In the following example, the gauge chart visualizes the current average number (53) of daily active members from the previous quarter and the progress towards the goal (75):
Gauge charts are simple, easy-to-understand charts that visualize one value at a time.
- They shine in KPI (or strategic) dashboards over a standard big number chart, where you want to succinctly communicate the progress towards a goal or KPI of interest (instead of just the metric itself).
A radar chart lets you visualize a parallel set of metrics across multiple groups or categories. Radar charts are a very unique chart type and we'll start by presenting a concrete example to wrap your head around it.
The following example visualizes the following four metrics from three different promotional marketing campaigns:
- Number of Users Emailed
- Number of Users Who Opened Offer
- Number of Users Who Added Offer to Cart
- Number of Users Who Claimed Offer
You may have noticed that these metrics resemble a funnel, starting from emailing users to a subset of those users claiming the offer. Visualizing parallel funnels is definitely a use case for this chart.

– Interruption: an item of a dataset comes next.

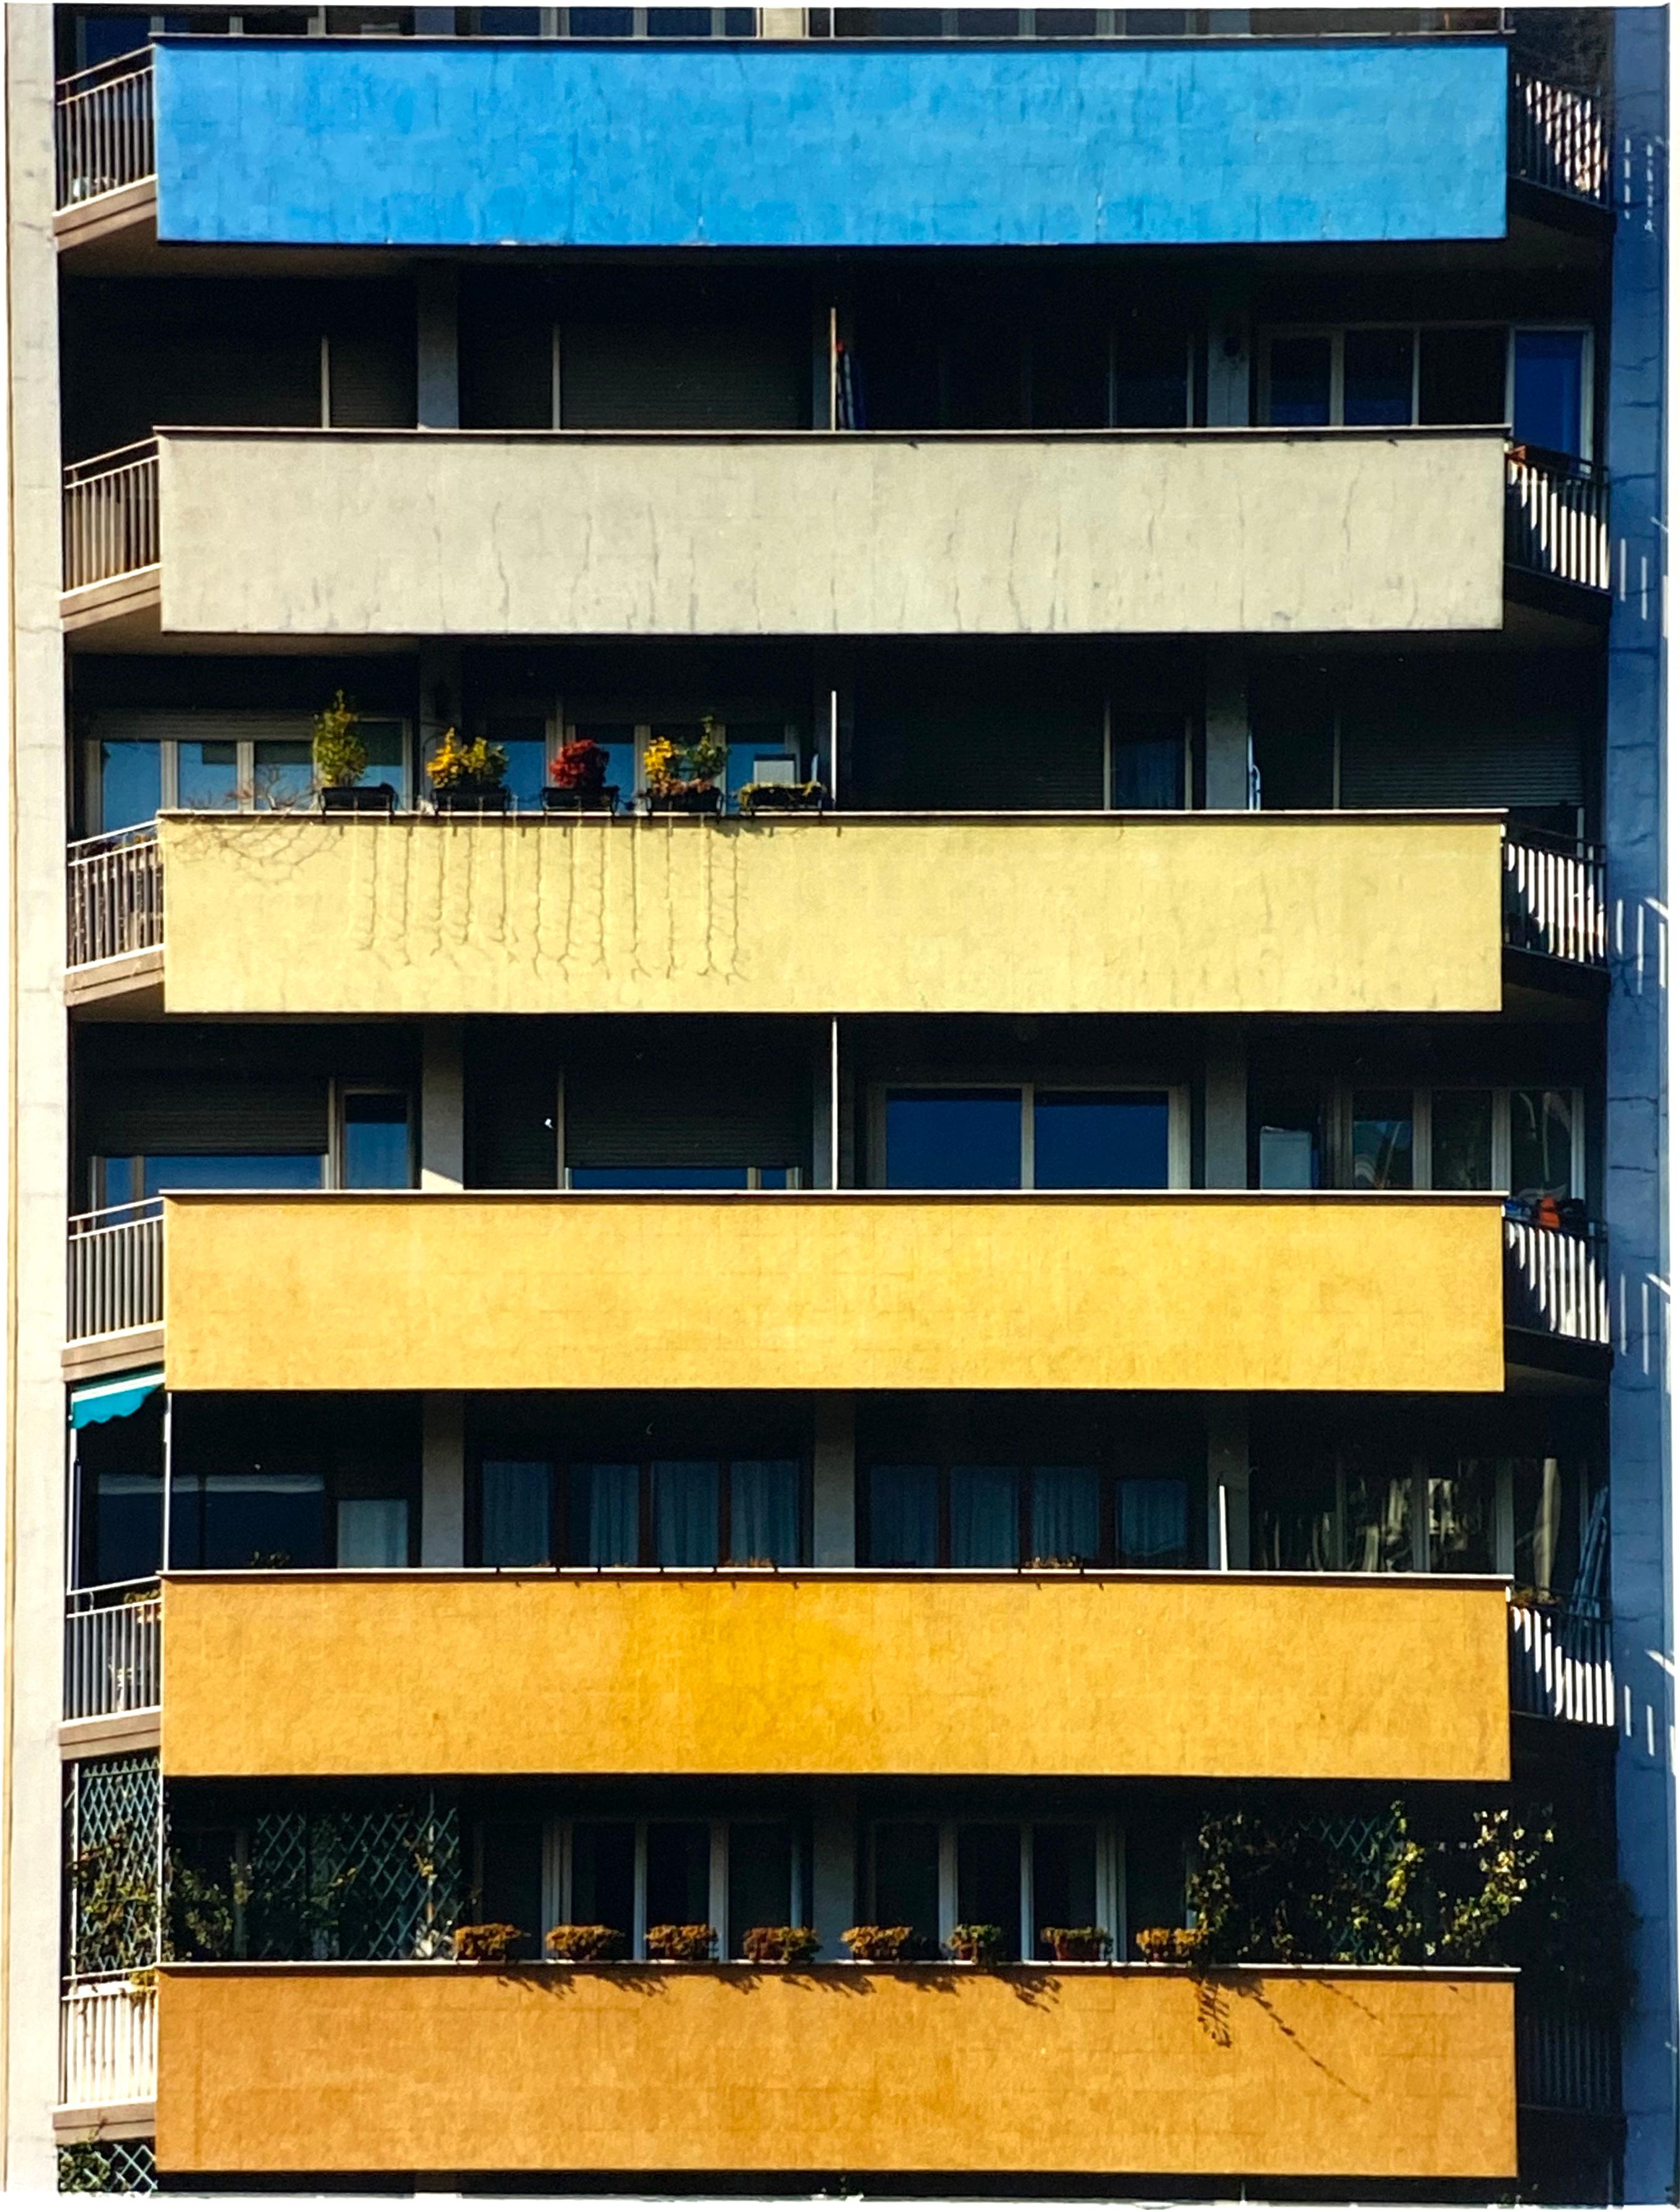 Rainbow Apartments, Mailand - Konzeptionelle architektonische Farbfotografie

If you have many group-by categories and metrics you're visualizing, the complexity of a radar chart can easily become unwieldy for some chart consumers. Here's a more complex example that visualizes max monthly temperatures for six hypothetical cities:
Radar charts work best in exploratory (or analytical) dashboards, where you want to empower your dashboard consumer to dive deeper into the data by hovering.

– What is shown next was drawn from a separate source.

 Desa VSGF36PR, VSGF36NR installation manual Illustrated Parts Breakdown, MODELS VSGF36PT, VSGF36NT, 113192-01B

A tree chart excels at visualizing hierarchy. In the following example, a people operations team visualizes the management tree structure in their organization:
Under the hood, ECharts uses a graph-like structure, with nodes and child nodes, to represent the data. This means that to use this chart, you'll need to format the tree chart's node and child values in a single table.
Tree charts in Superset aren't super useful at visualizing quantitative data. You can include a metric for each node that's shown upon hover:
You can also customize your tree chart to take on a radial layout instead:
Tree charts are useful for:
- Informational reference - context around the structure of an organization or process
- Decision support - Visualizing possible path forwards and the considerations for powering a decision
Pivot Table v2
Superset now has a redesigned pivot table that greatly enhances it's capabilities. In addition to the classic pivoting of rows and columns, you can now enable heatmap and bar chart visualizations within the pivot table itself.
Here's an example of a pivot table of popular male baby names in the United States that uses column oriented heatmap coloring:
In the Customize tab, you can easily change the cell level visualization from a heatmap to a bar chart:
Tree Map v2
Last but not least, the tree map chart has been redesigned to better handle visualizing counts from
You can nest the categories in a tree map, and the v2 version handles this much more effectively!
Use a tree map whenever you want to visualize:
- Distributions - the number of categories and the counts in each category
- Hierarchical counts - nested tree maps help you visualize counts / values in m by n categories
If you're a Preset customer, these chart types are already available to you. I encourage you to start using them and refer our end-user documentation if you get stuck.